Assigned task: Apart from the pictures, every line below needs to be reproduced verbatim.
Start of The data
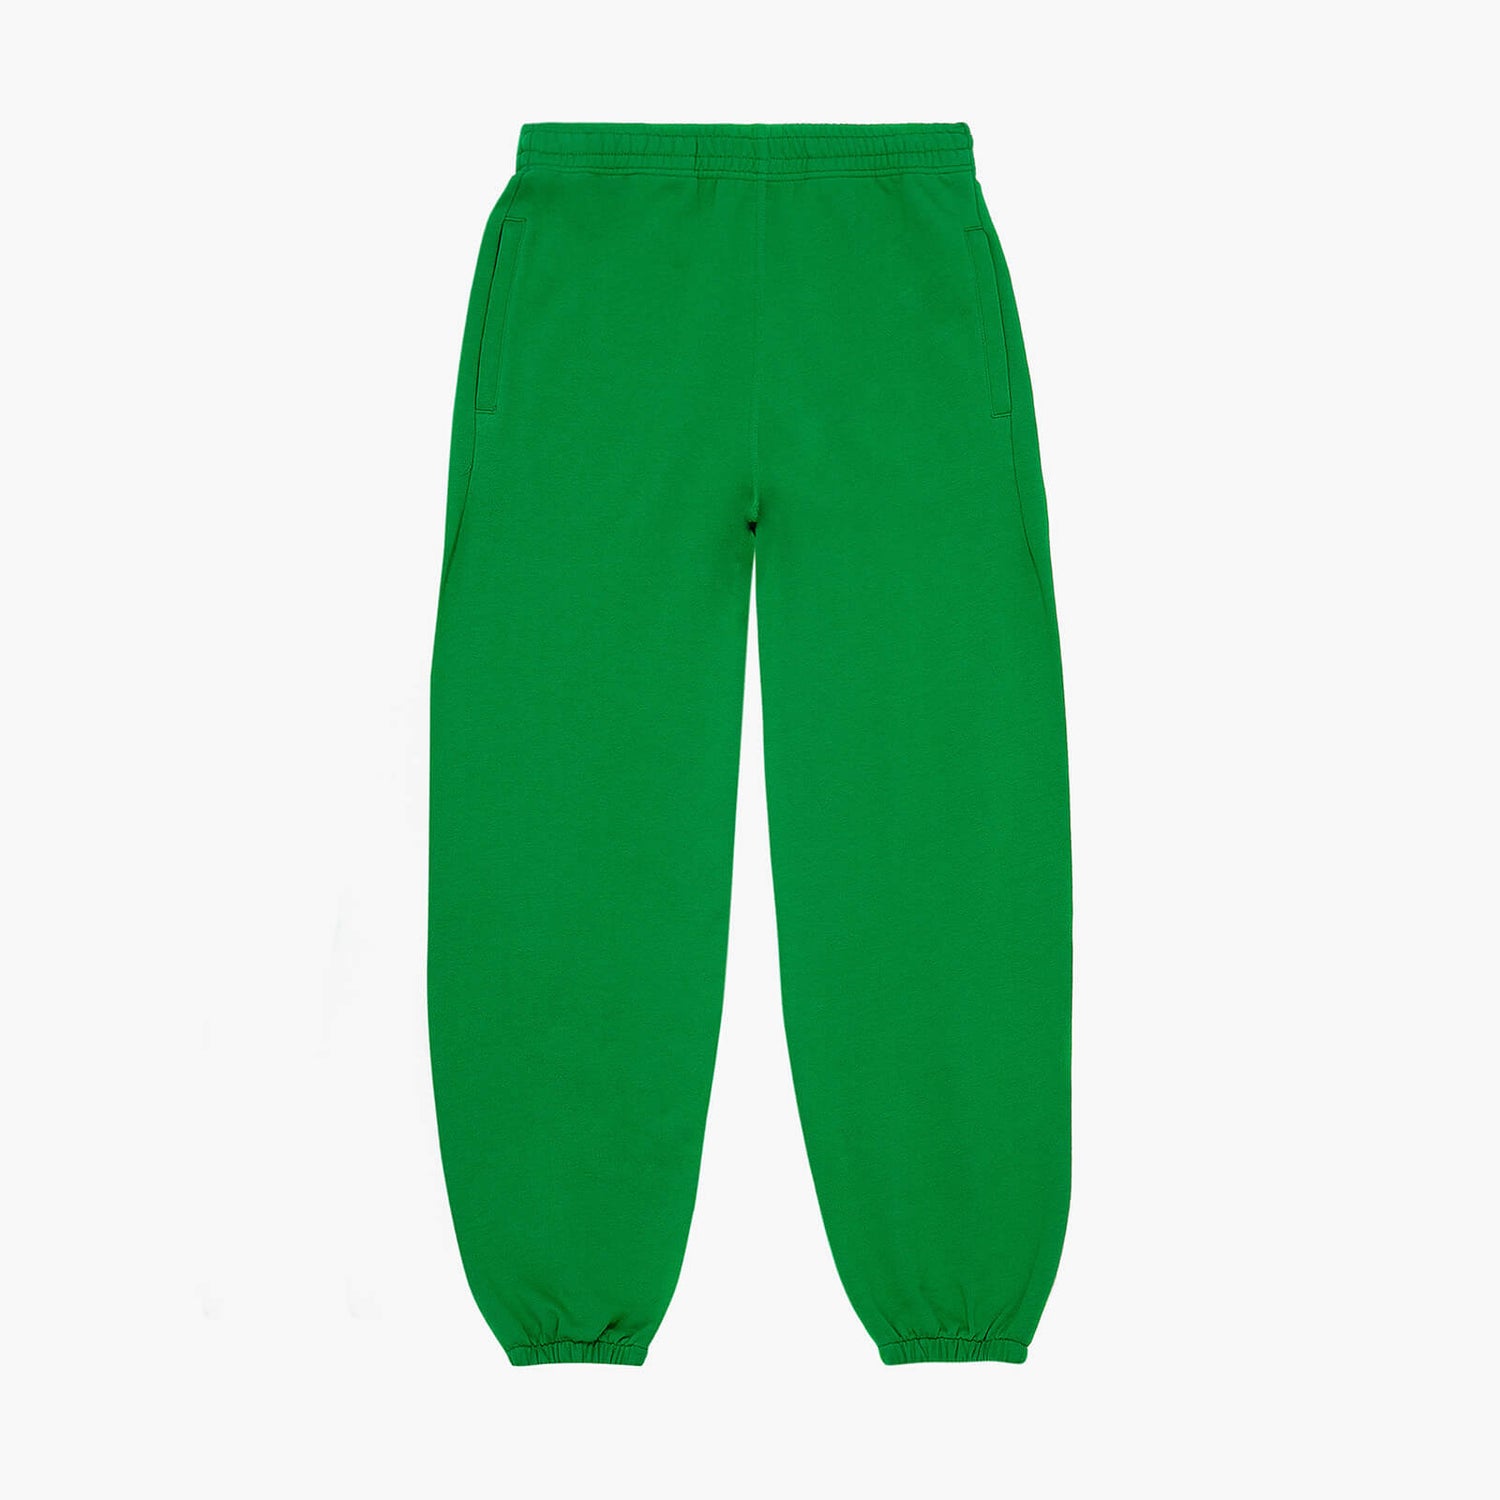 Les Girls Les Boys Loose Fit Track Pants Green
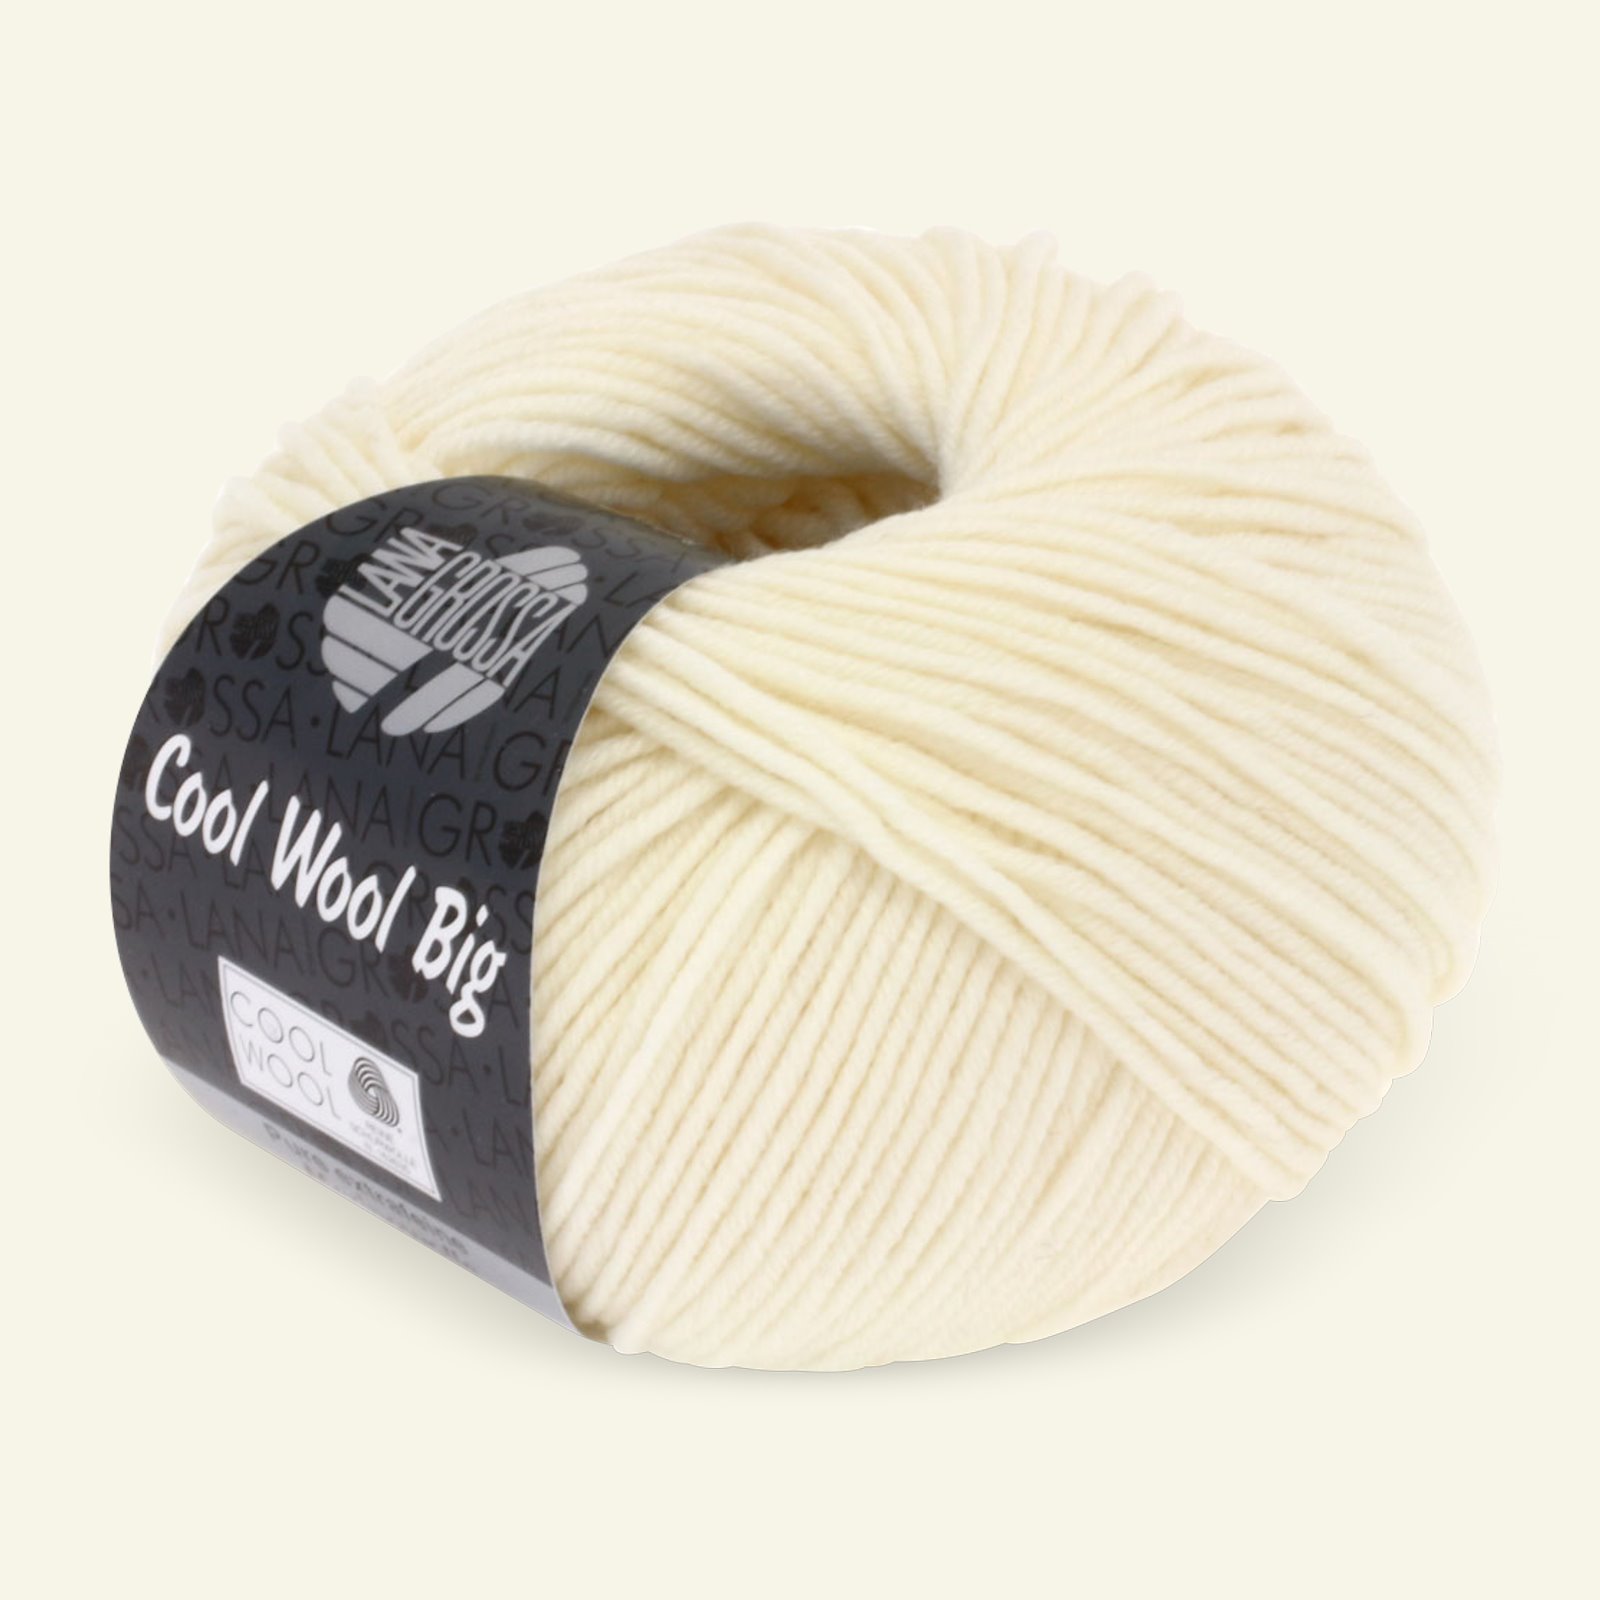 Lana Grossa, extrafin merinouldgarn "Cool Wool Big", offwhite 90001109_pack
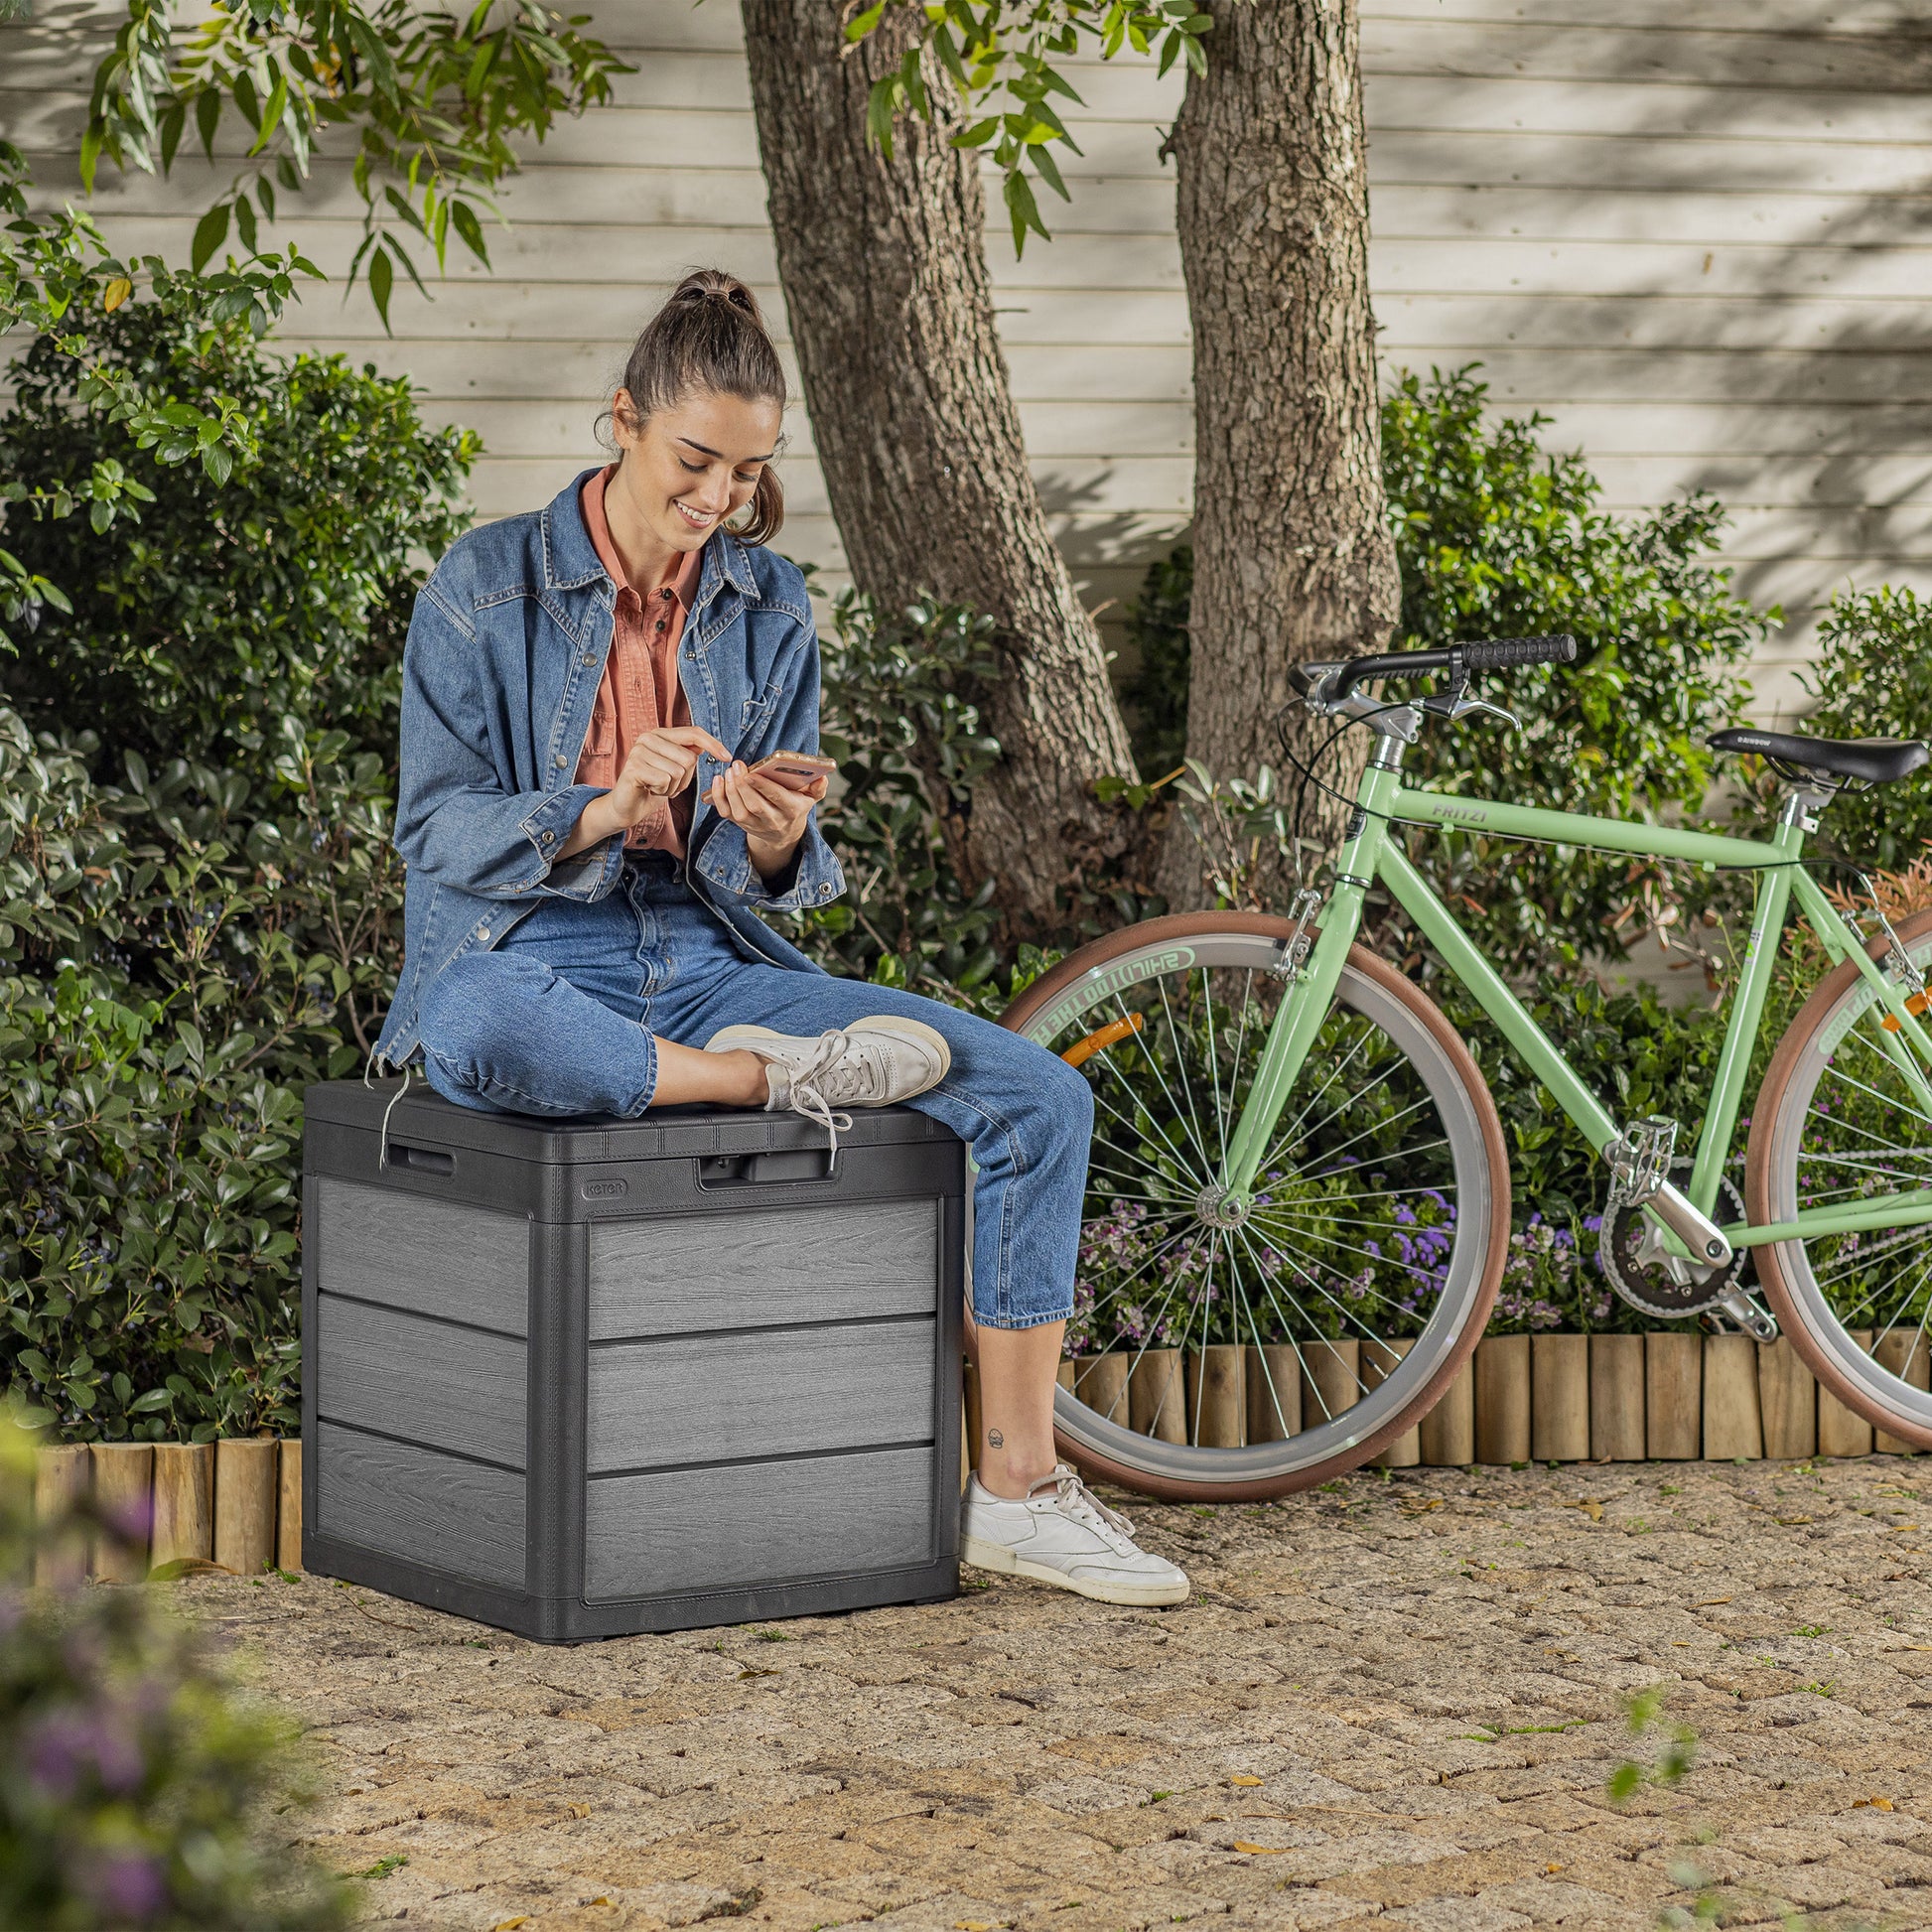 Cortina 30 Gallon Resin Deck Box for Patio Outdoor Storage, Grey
End of The data
Result:
 Les Girls Les Boys Loose Fit Track Pants Green
 Lana Grossa, extrafin merinouldgarn "Cool Wool Big", offwhite 90001109_pack
 Cortina 30 Gallon Resin Deck Box for Patio Outdoor Storage, Grey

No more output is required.